*** Begin section ***
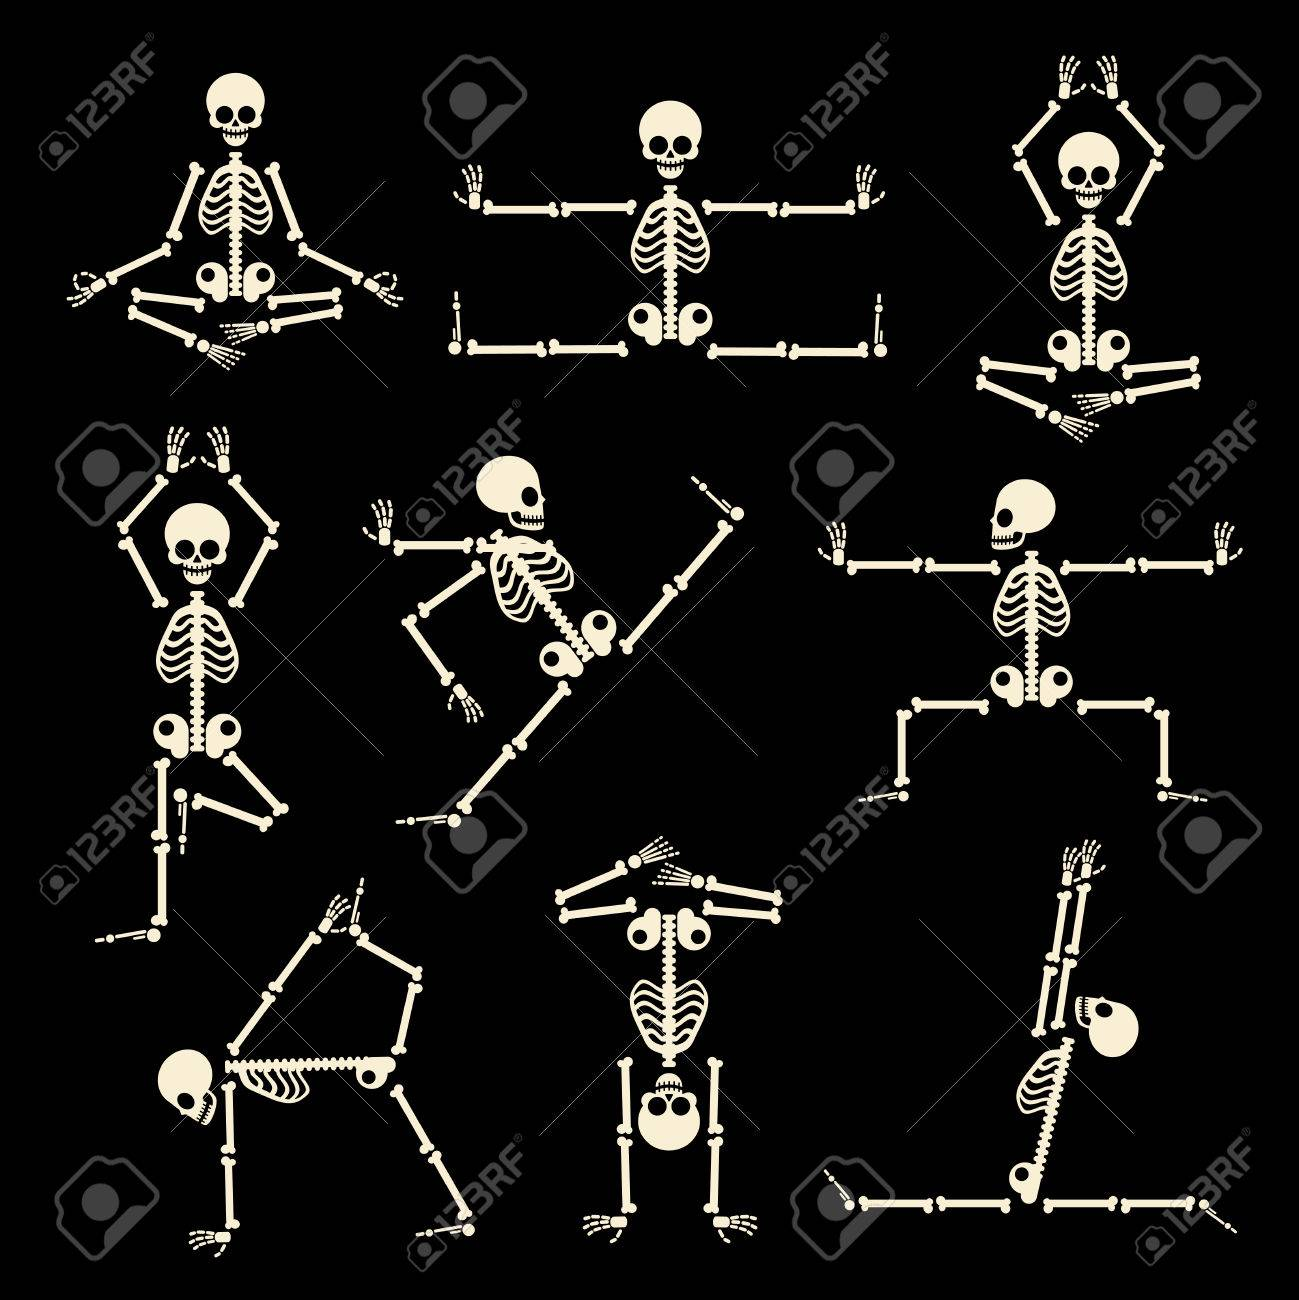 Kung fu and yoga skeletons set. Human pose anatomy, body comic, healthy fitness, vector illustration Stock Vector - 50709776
*** End section ***
*** Begin section ***
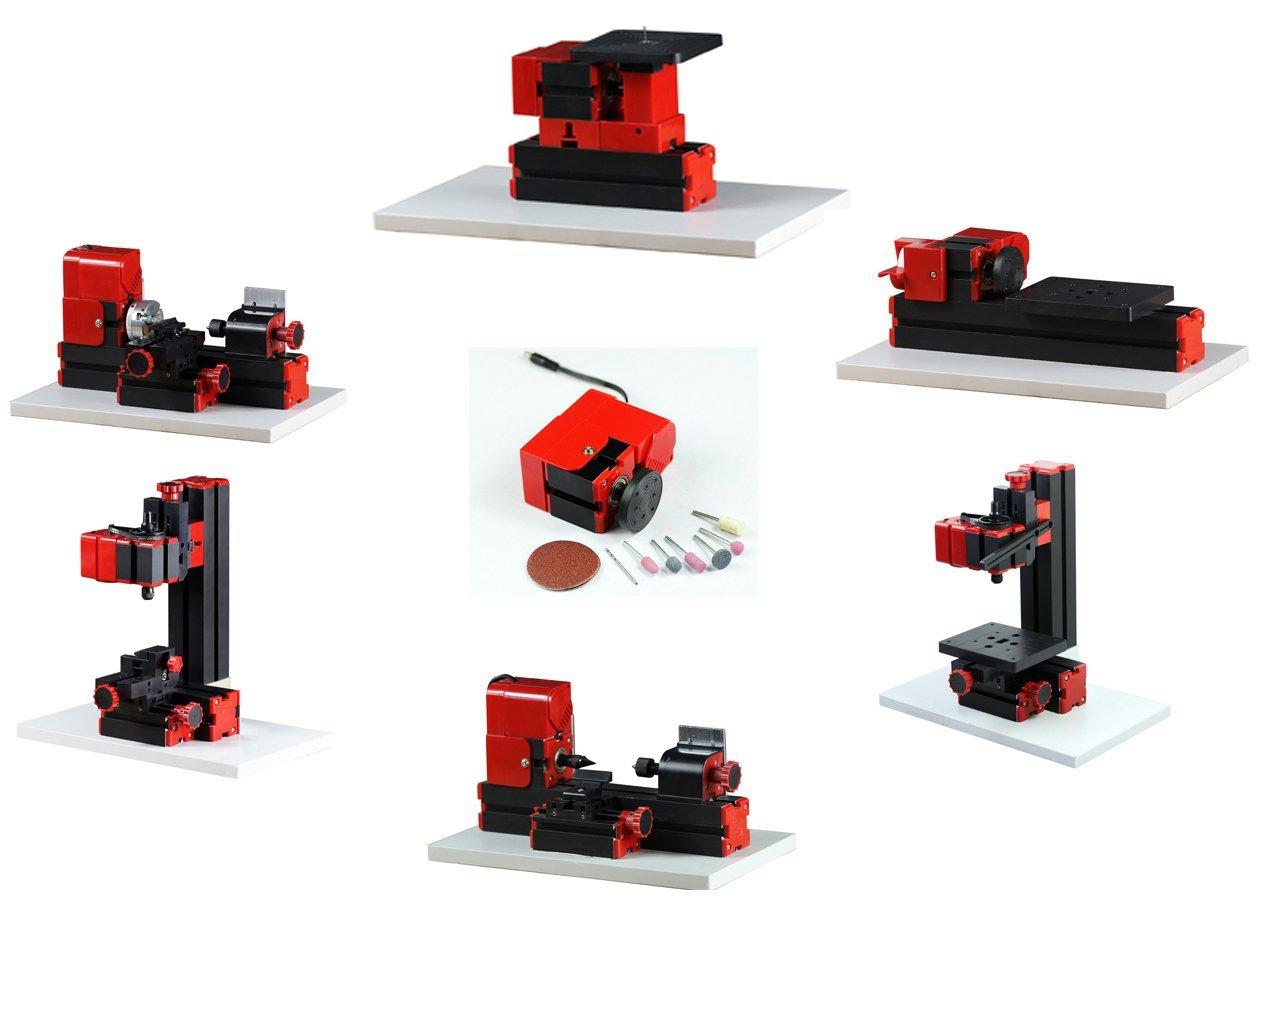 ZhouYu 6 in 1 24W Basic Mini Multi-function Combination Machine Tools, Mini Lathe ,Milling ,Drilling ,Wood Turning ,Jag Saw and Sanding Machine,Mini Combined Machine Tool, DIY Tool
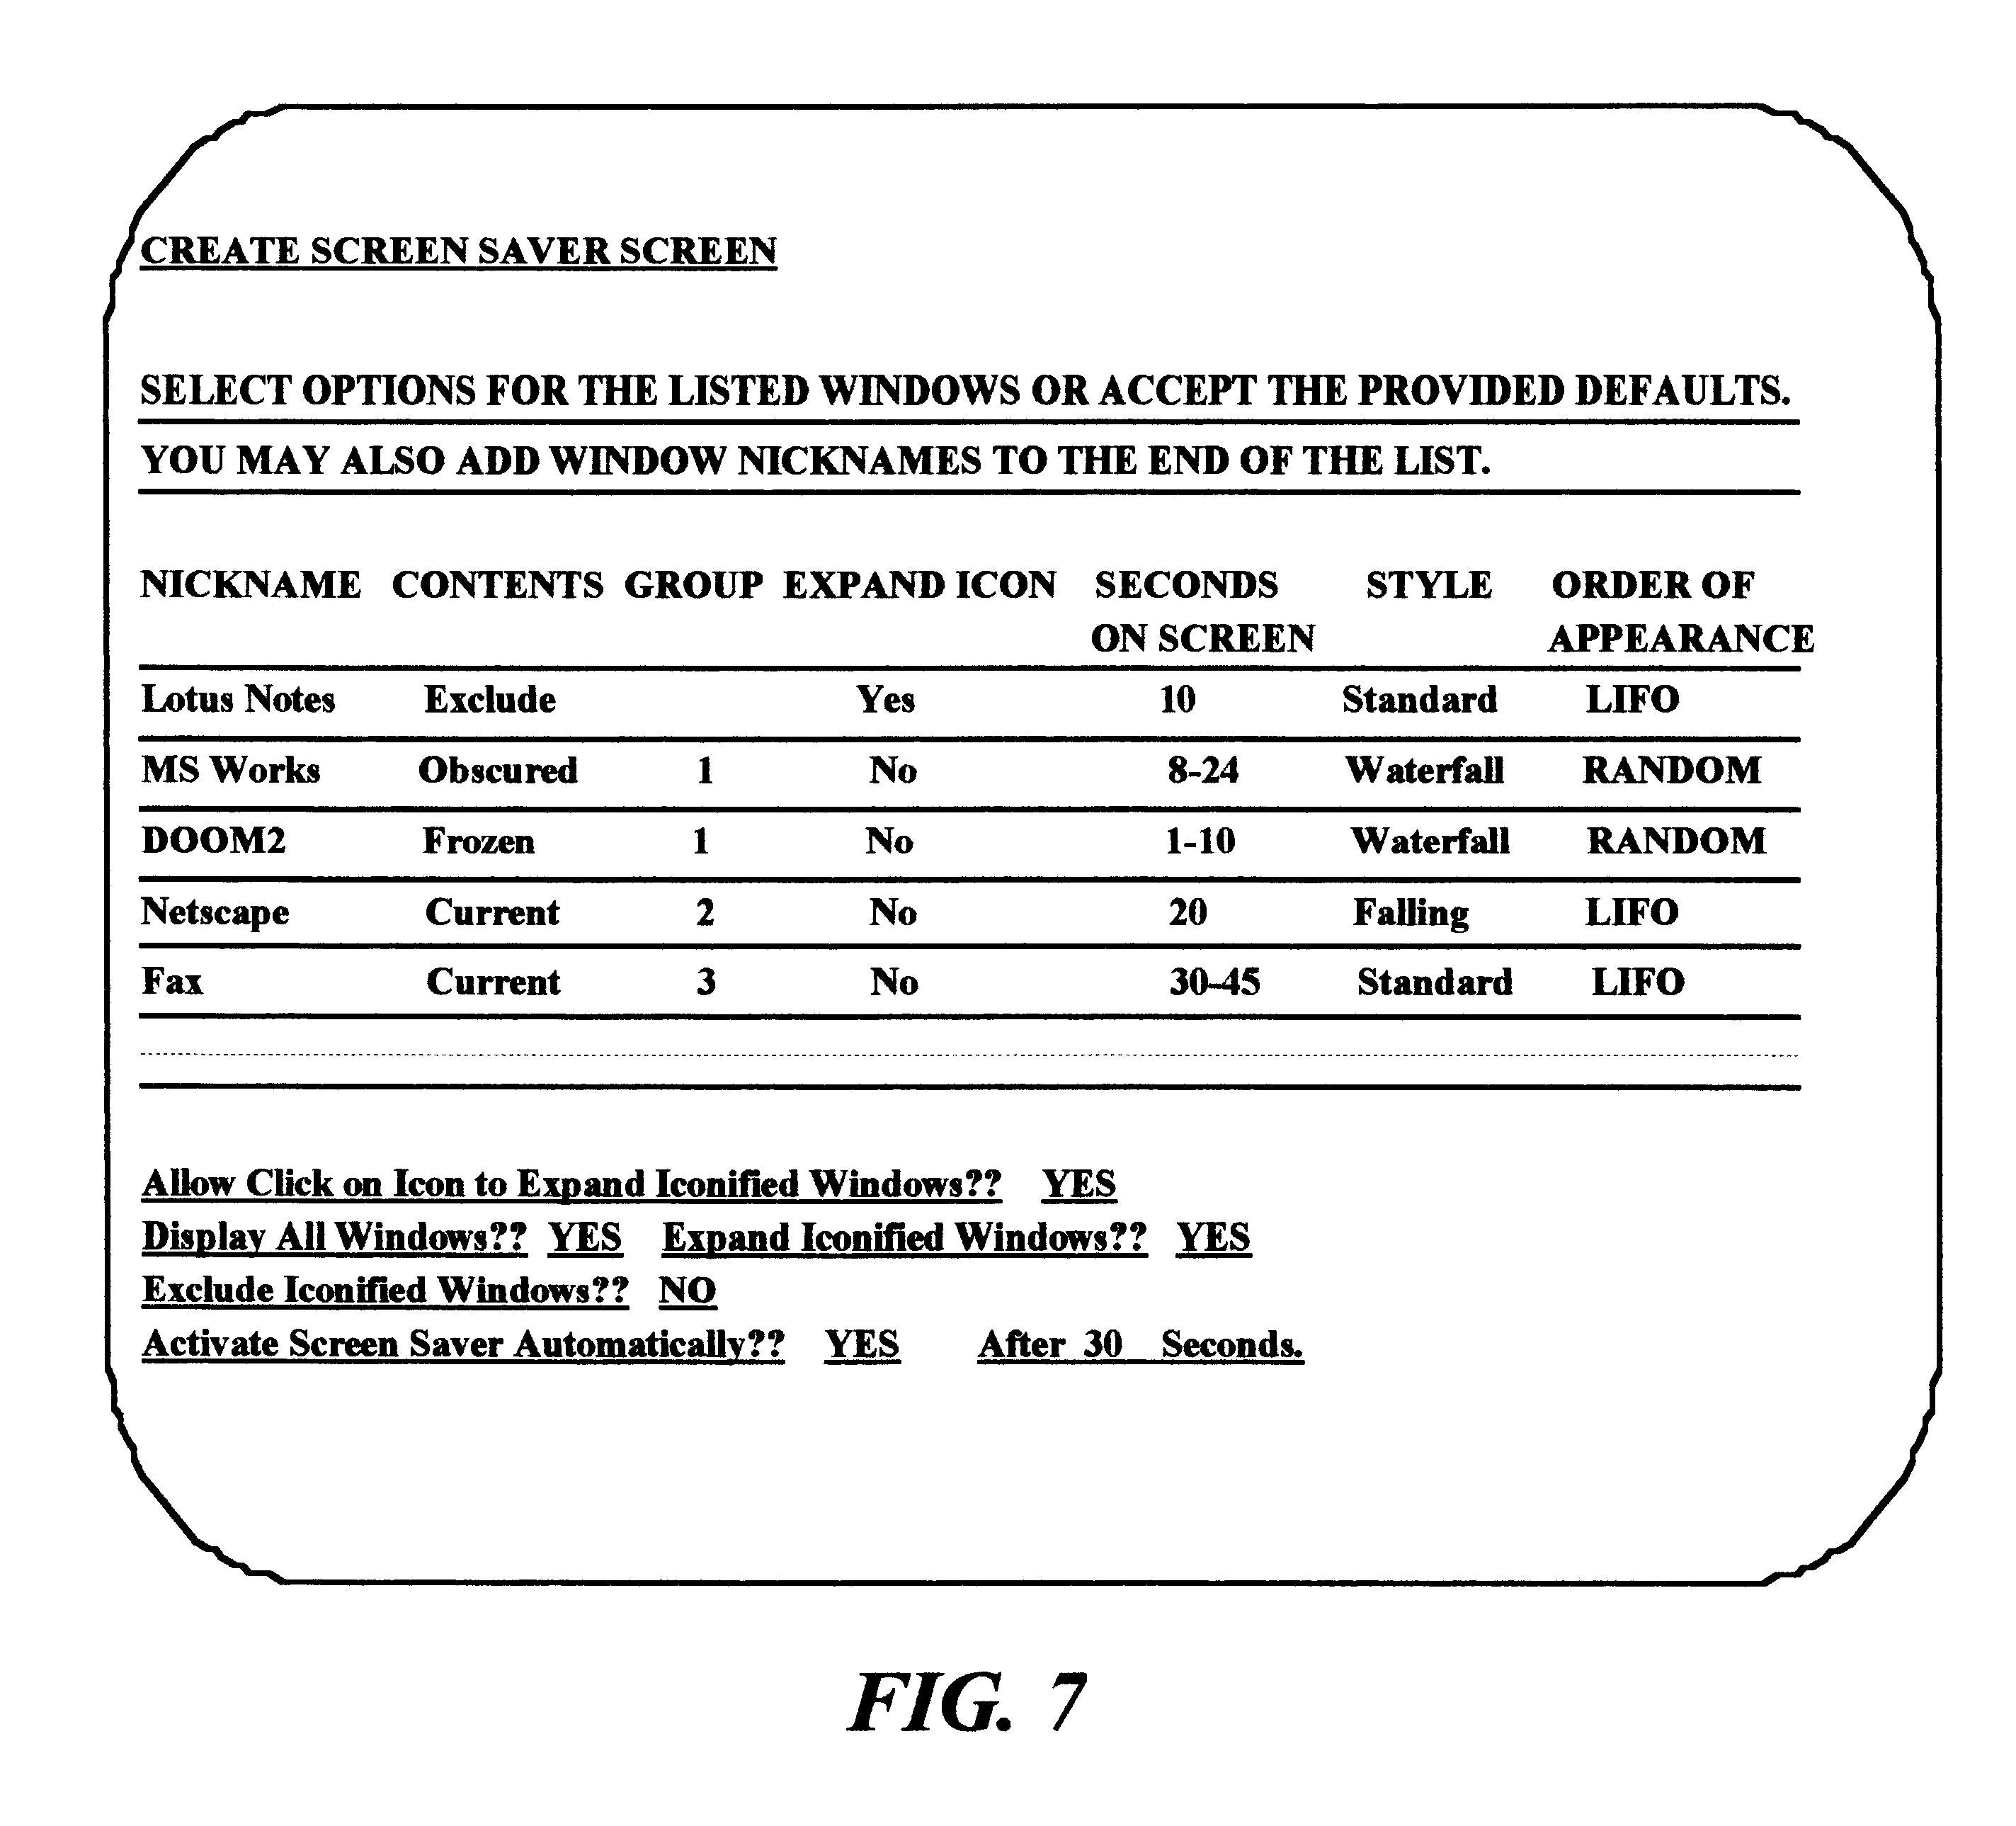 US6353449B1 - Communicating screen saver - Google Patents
*** End section ***
Every line above between the one containing "ZhouYu 6 in" and the one containing "US6353449B1 - Communicating", those two included, is to be printed exactly. No pictures go into the copy.

 ZhouYu 6 in 1 24W Basic Mini Multi-function Combination Machine Tools, Mini Lathe ,Milling ,Drilling ,Wood Turning ,Jag Saw and Sanding Machine,Mini Combined Machine Tool, DIY Tool
 US6353449B1 - Communicating screen saver - Google Patents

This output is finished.